# FN FAL, brazilian style...



## Steve40th (Aug 17, 2016)

Shot my first FN Fal. Damn nice shooter.. Everyone should have one.
This was a DSA receiver with Brazilian everything else.
Only issue was he didnt have the round front site adjuster.. 
But dang, not as nice as the M1, but its a keeper..


----------



## SOCOM42 (Nov 9, 2012)

Got two with Brazilian receivers (Embel), West German army surplus parts kits, all brand new parts.

They are my second or third go to rifle a toss between them and my 308 Galil.

Have around 100 mags for them, mostly German, most are loaded.

Front handguard are Argentine surplus from the Falklands War but brand new.

Don't like the steel ones, you freeze in winter and burn hands in summer.

Just remember it take metric mags not inch pattern like the L1A1.

If you needed to know how to tell the difference, just ask.

All in all they are great guns, less felt recoil than an M1A.

Do you know how to adjust the gas properly?


----------



## Steve40th (Aug 17, 2016)

SOCOM42 said:


> Got two with Brazilian receivers (Embel), West German army surplus parts kits, all brand new parts.
> 
> They are my second or third go to rifle a toss between them and my 308 Galil.
> 
> ...


Not my rifle. I have no idea the gas operation.. He showed me that it is adjustable and all I asked is why? I thought for extremely dirty and needed as much gas and suppressors?


----------



## SOCOM42 (Nov 9, 2012)

Steve40th said:


> Not my rifle. I have no idea the gas operation.. He showed me that it is adjustable and all I asked is why? I thought for extremely dirty and needed as much gas and suppressors?


The rifle was not designed for suppressors and the gas is not regulated for it in that way, It can be shut off for grenade launching.

It is designed for fouling as you said,

plus variations in gas pressure in the rounds from country to country even though they are supposed to be the same NATO standard.

In Nippon, jap 7.62 NATO with purple primers will not work in either a M 14 or an FAL way to low a pressure.

I thought it was yours, You need to get one!:tango_face_smile:


----------



## Steve40th (Aug 17, 2016)

SOCOM42 said:


> The rifle was not designed for suppressors and the gas is not regulated for in in that way, It can be shut off for grenade launching.
> 
> It is designed for fouling as you said plus variations in gas pressure in the rounds from country to country even though they are to be the same NATO standard.
> 
> ...


My co worker is definitely making me want one.
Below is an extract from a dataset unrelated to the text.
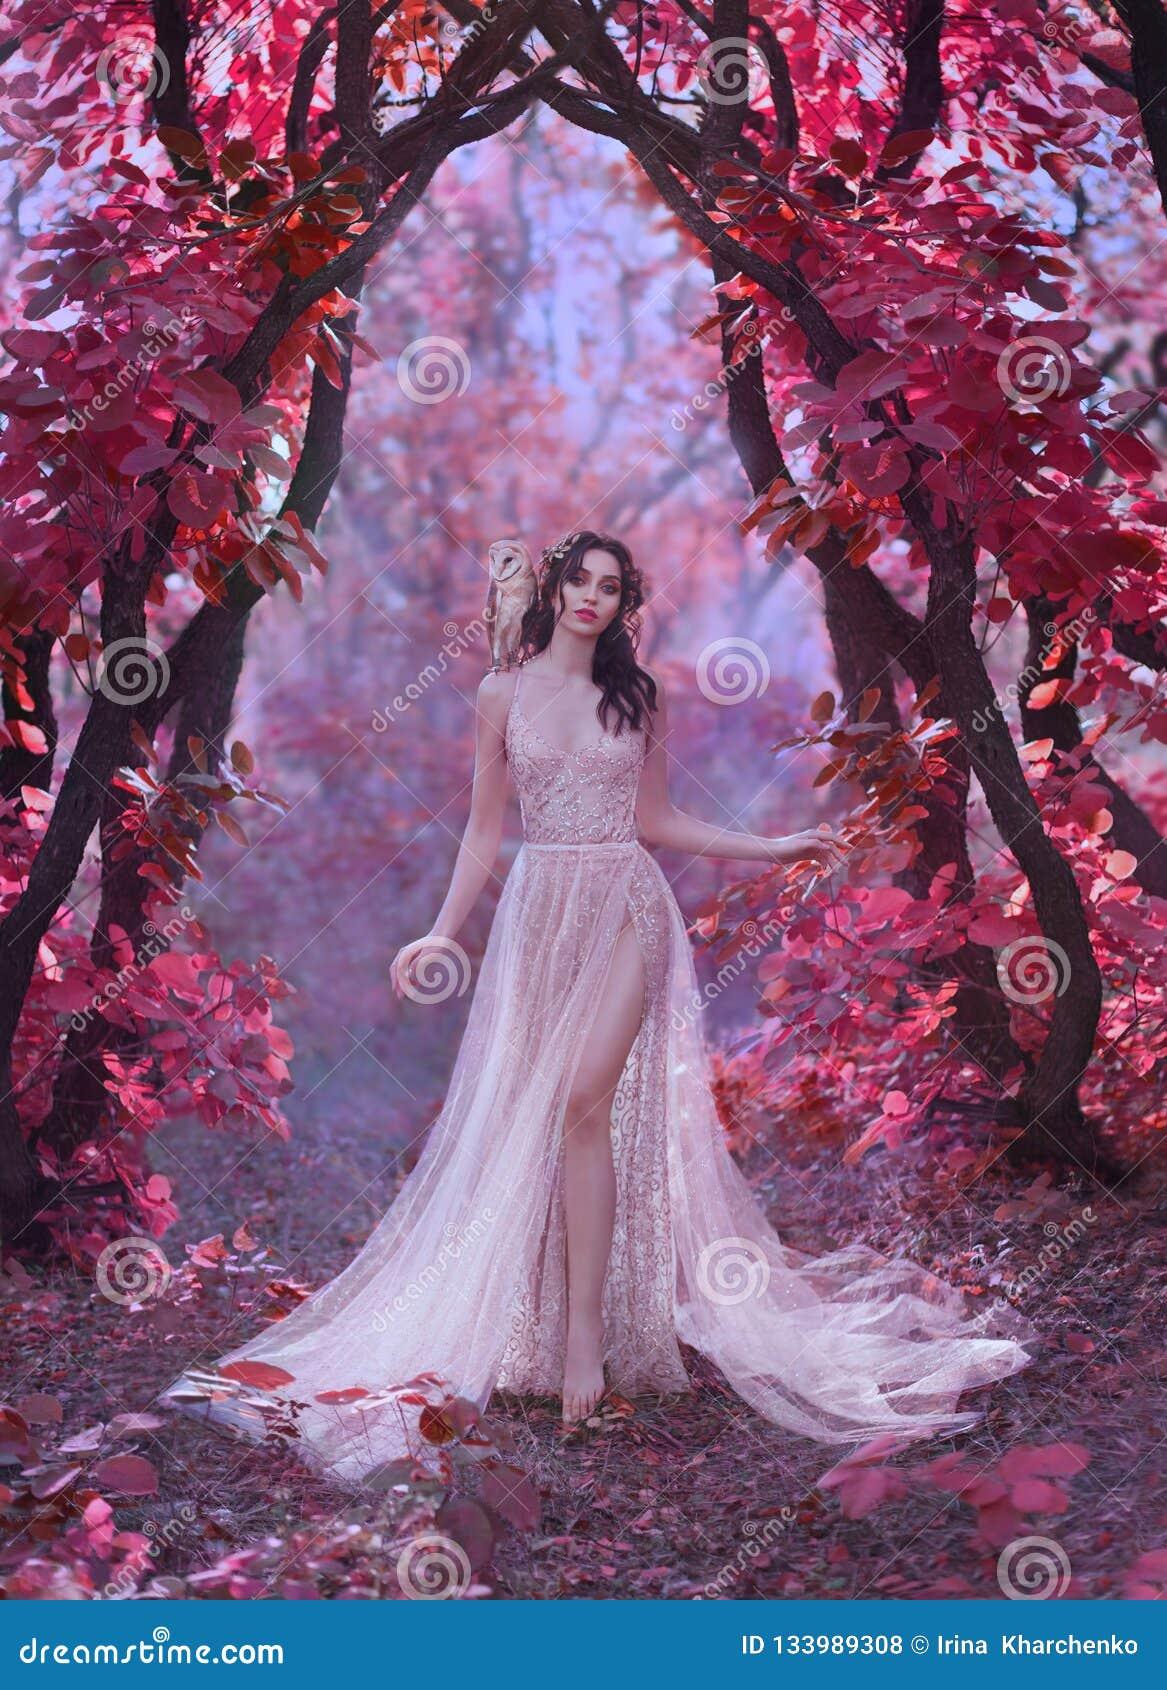 Mystisk attraktiv dam i en lång ljus lyxig klänning i en magisk rosa skog, port till sagavärlden som är gullig

He has two now, and Israeli one and the Brazilian. Not really heavy either..


----------



## SOCOM42 (Nov 9, 2012)

Steve40th said:


> My co worker is definitely making me want one. He has two now, and Israeli one and the Brazilian. Not really heavy either..


:tango_face_smile::tango_face_smile::tango_face_smile::tango_face_smile::tango_face_smile:


----------



## Steve40th (Aug 17, 2016)

He is now talking grenade launcher, as I told him what he could do.... Boy is his wife going to be mad....


----------



## keith9365 (Apr 23, 2014)

The FAL fired rifle grenades like they did in WW2. There is a gas plug above the barrel in the fore stock that you would rotate 180 degrees to shut off gas from cycling the piston. The gas regulator is a ring just behind the sight block. adjust and shoot till the guns cycling becomes unreliable then dial back a notch or two. This will cycle the gun but not beat up the parts.


Steve40th said:


> He is now talking grenade launcher, as I told him what he could do.... Boy is his wife going to be mad....


----------



## SOCOM42 (Nov 9, 2012)

keith9365 said:


> The FAL fired rifle grenades like they did in WW2. There is a gas plug above the barrel in the fore stock that you would rotate 180 degrees to shut off gas from cycling the piston. The gas regulator is a ring just behind the sight block. adjust and shoot till the guns cycling becomes unreliable then dial back a notch or two. This will cycle the gun but not beat up the parts.


Uh, that would be 90 degrees on the plug, 180 would remove it.

The brits did not, to the best of my knowledge, use a grenade launcher like ours unless they used ours on our rifles.

Theirs was a cup type discharger, I have one here somewhere for the #4 Enfield.

Have fired many HEDP, Energa grenades from FNFAL's, M1's and M14's. plus an assortment of other types of ordnance.

I still have a scar where the grenade retaining spring came off and imbedded itself in my cheekbone.

Here is an old picture of my US collection.


----------



## Steve40th (Aug 17, 2016)

He need the tool to adjust this, or he will make his own.


----------



## SOCOM42 (Nov 9, 2012)

Steve40th said:


> He need the tool to adjust this, or he will make his own.


It will be easy enough to make, could do one here if I needed one, have the Bundeswehr issued one for mine, it is different though.

There is damage there to the gas block where someone tried to use the wrong tool on it,

just in front of the gas regulator slot and almost on the opposite side.


----------



## Steve40th (Aug 17, 2016)

SOCOM42 said:


> It will be easy enough to make, could do one here if I needed one, have the Bundeswehr issued one for mine, it is different though.
> 
> There is damage there to the gas block where someone tried to use the wrong tool on it,
> 
> just in front of the gas regulator slot and almost on the opposite side.


He has one on wait list or something at DSA. He is the one that nicked the damaged the block...


----------